或许我一生都不会忘记那个时候二叶的侧脸吧?
确实很令人难受,但也不用这样责怪自己哦。之前你不是帮助过那只小狗吗?那样就够了哦——我边这么安慰她边打算抱紧她。
当然,没等我战战兢兢地把想法付诸行动,她的叱骂声就飞了过来:“你也一样很吵啊。变态就不要向我搭话,耳朵会腐烂掉的。”因为这个,当时我就并没有考虑那么多,但是——
“那种心情,你能理解吧?”妮娜咬牙切齿地嘟囔着,“刚才虽然说了一堆关于我的能力的各种各样的副作用,但我真正介意的并不是这些。最可怕的,是力量的暴走。”
“暴走?越来越想动画的设定了啊。”
“是真的啦。有时我的超能力会自己发动,有一次我正准备洗澡的时候突然就出现在了电影院的银幕前。那是我可是全裸、全裸的哦!”
我想那些观众肯定非常高兴啊……不对,不能开玩笑的。
“这必须认真对待啊!假如不是移到电影院呢?如果移到满是凶恶罪犯的监狱怎么办?或是跑到宇宙里呢?不想出个办法来的话我根本就睡不着觉啊……妈妈虽然也很爱爸爸,但她也曾说过‘没法消除自己的能力还真蛮后悔的呢’!所以在网络上看见与四郎的时候,首先帮我收拾行李的就是妈妈,虽然我有试过拼命阻止她啦……”
“这也……总之,先谢谢了。”
既然如此。
娜娜的能力虽然还是个谜,但她大概也是为了这个目的而接近我的吧?我没有什么副作用或是暴走之类的经验。虽然这也可能是为了博取我的同情而编造的谎言,但我想妮娜是不会像“狐狸”或“狸猫”那样动什么歪脑筋的。不过如此说来,我的苦恼或许根本不能和她们的相比呢……
开个玩笑。
就算对她们感到同情,我也没有忘记刚才所听到的一句话。那是如同璀璨的希望之光一般的重要事项啊。
——我的能力也可以被抹消了。
按道理说就是这样的吧?那样的话,我们马上来做……吧?连恋爱都没谈过的我马上就要转为大人了。虽然在法律上或是伦理上都有各种各样的问题,可你也能理解的吧?好事不宜迟,做好的菜不吃那可是耻辱啊!既然想到了就立刻行动吧!

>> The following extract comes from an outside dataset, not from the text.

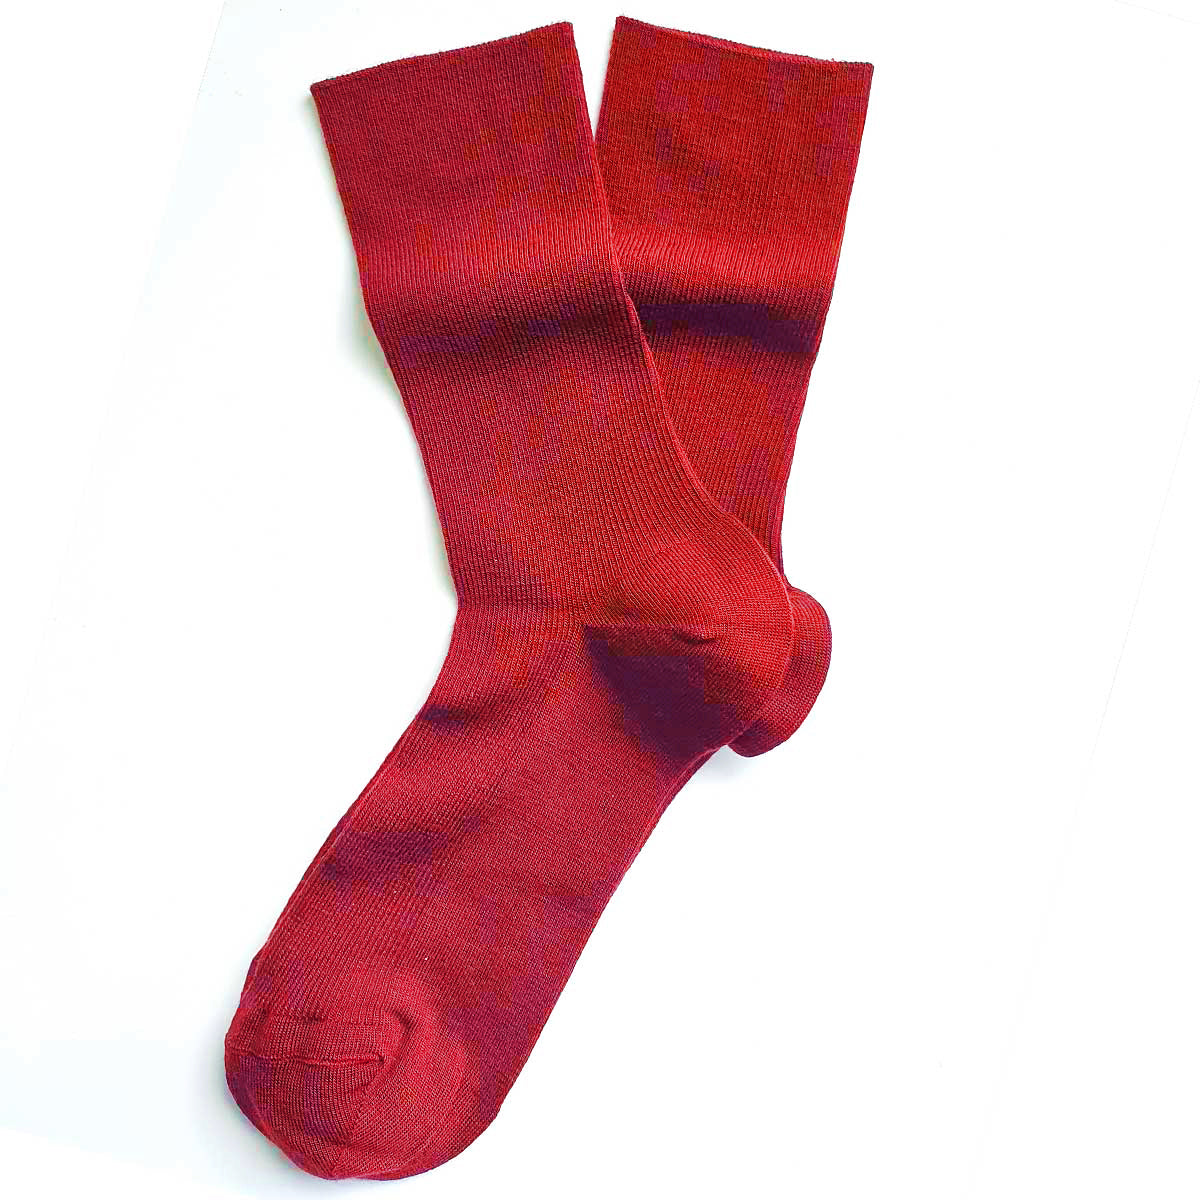 Thin wool socks for women - socks that do not tighten

“啊,与四郎可没办法哦。只有女性的能力才可以被抹消哦。”
订正一下。
3、超能力者间结婚并有了后代,可以消除自身的能力。只是,只有母亲可以。
搞什么啊!
什么啊这种乱七八糟的规则?也太不公平了吧!怪不得二叶和娜娜会对我说谎,因为我岂不是一点点的好处都得不到吗!
当我脑内的天使啊恶魔啊还有稳健派的大伙们一起进行总游行时,妮娜悄悄地凑到了我的身边坐下了:“所以就那样做吧,好吗?”
“怎样做?”
“我不会像二叶或女仆那样说什么长长久久的事情的。与四郎刚才也有这种打算对吧?是不是?可以哦。”
混着她那芳甜气息的声音在我耳边轻响着,背后仿佛有股电流窜过了一般。
不要小看我。这种程度的美人计,和娜娜相比根本不值一提——对不起这是个弥天大谎。娜娜知道的话可能会生气,但妮娜的身体可更为成熟啊。
(不行哦!)
天使与四郎警告我。不用你说我也明白的啦!
妮娜四肢着地,爬近了退缩的我。她慢慢地拉下了运动衫的拉链,那好似被丰硕果实压得弯弯的乳沟在我眼前晃荡,我根本无法移开视线。
(既然是对方来引诱你,就不要压抑自己了,好好地去品尝一下吧!)
恶魔与四郎的好建议马上被天使与四郎的大叫压过去了。
(不行!必须忍耐住!用你的一生去忍!)
吵死了。我知道的啦。不论有什么理由突然做这种事还是很糟糕的……是吧?不论是在法律上还是伦理上还是青少年教育上都不怎么好……我是这么想的。大概。恐怕。一定。
妮娜慢慢离开了我,轻轻地笑了:“与四郎还真是认真呢。”
“并不是。我只是很擅长装模作样而已了。”
“嘿嘿。如果能以不一样的形式相会就好了呢。”
我也有同感。
“那么,今天我就先回去了。感觉好累啊。不过,我还没有放弃哦。”
最后妮娜小小地微笑了一下便离开了房间。正因为我明白她临走之际那个脆弱笑容的意味所以才没办法回以笑容,但总之贞操的危机暂且算是解除了。
顺便一提妮娜好像非常喜欢日本的动画呢。
无所谓了。
哎呀呀。
越来越让人困扰了呢。
在旁人眼里我可能是一个如恋爱游戏男主角般的令人羡慕的男人,但是实情可非常不一样啊。若是只在学校或是上下学期间还好,但她们终于开始侵入我的私生活了啊。看来左右乱晃的暧昧态度也只能到此为止了。那些家伙,是认真的。
(不管怎样做点什么吧。)
虽然我这么想,但不管召开了几次脑内会议都无法得出一个令人满意的答案。只好在大脑贫血之前,把这些乱七八糟的东西暂放一边睡觉了。虽然妮娜的倩影还在脑海里不断徘徊。
这点小事应该是能被原谅的吧?
那么,就一觉睡到大天亮吧。
这不是当然的吗?
不对,因为我现在只能用这句话来安慰自己了。